Filming began in 2002 on this documentary, which conveys the commitment, ideals and beliefs demonstrated in Melbourne street art. Artists use a variety of approaches including bill posters, stencils, and performance art put the artwork right in the public eye.

The film was made in the lead up to the Melbourne 2006 Commonwealth Games. Before the games local councils were juggling the need to present a clean and safe city for visitors against the enthusiastic activities of street and graffiti artists. A similar response was later observed in the lead up to the London 2012 Summer Olympics.

The musical soundtrack was created by Ryan Ritchie and band True Live. The band was made up of MC Rhyno, Thomas Butt (double bass), Tamil Rogeon (violin), Tim Blake (cello), Ivan Khatchoyan (drums) and Thai Mattus (keys).

A 2006 review stated 'It is this rare spotlight on this hidden subculture that makes Rash so fascinating and potentially illuminating to those who view graffiti artists as merely vandals'. In fact, it is this misconception of the graffiti artist and their role in society that Hansen's film centrally explores. Rash reveals that Melbourne's graffiti subculture is not only a very tight knit community where everyone knows what each other is doing. It is also governed by a set of 'street etiquette'’.

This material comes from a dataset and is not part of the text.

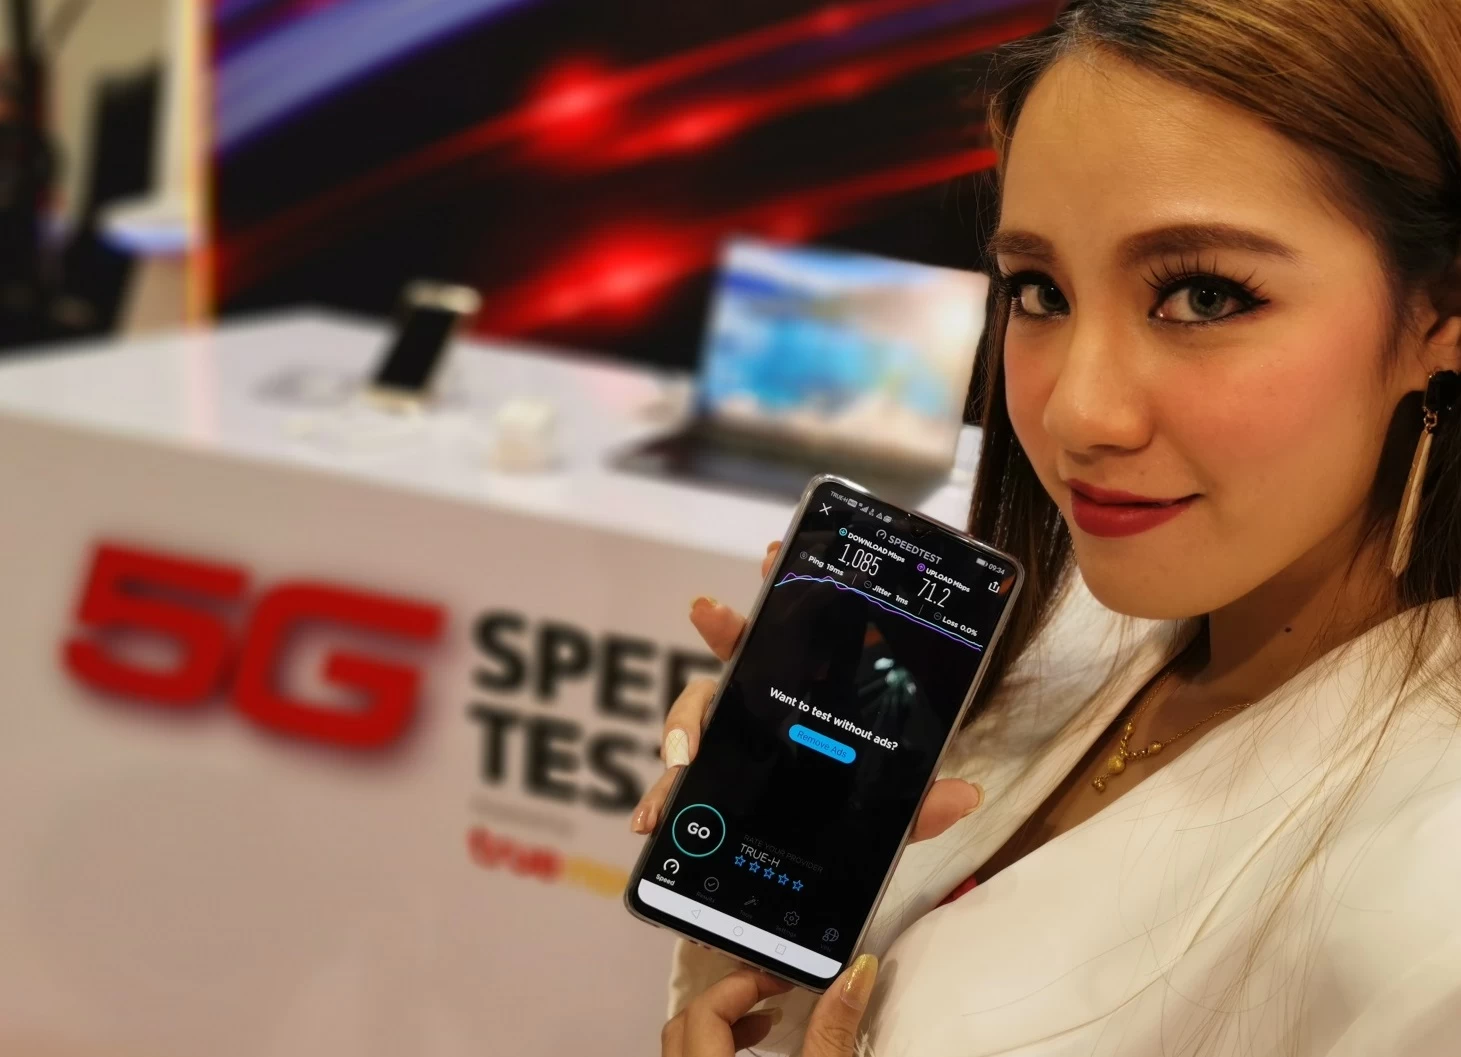 Huawei 5G 1 1 | Huawei | อีสานบ้านเฮาทดสอบใช้ 5G กันแล้วเด้อ! 'หัวเว่ยและทรู' นำ 5G บุกอีสาน โชว์ประสบการณ์ใช้งาน 5G สุดล้ำในงานหอการค้าแฟร์ 2019

Prior to its 2006 TV broadcast in Australia Sacha Molitorisz of The Age newspaper reviewed the film saying 'This fresh documentary explores Melbourne's flourishing graffiti subculture.' Other notable screenings include the 17 August 2008 event of documentaries programmed in the 'Street Art' exhibition at the Tate Modern in London. Archival footage from Rash was licensed to Banksy's film production company Paranoid Pictures for the opening montage of documentary Exit Through the Gift Shop (2010).

Featured artists include Chali 2na, Civilian Dest, Dominic Allen, Fers, Fliq (BurnCrew), Ha-Ha, Dlux AKA James Dodd, KAB 101, Kano, Lister, Meek, Miles Allinson, Prism, Psalm, Reka, Shida, Sixten, Snog, Sync, Tai Snaith, Tower, and Vexta.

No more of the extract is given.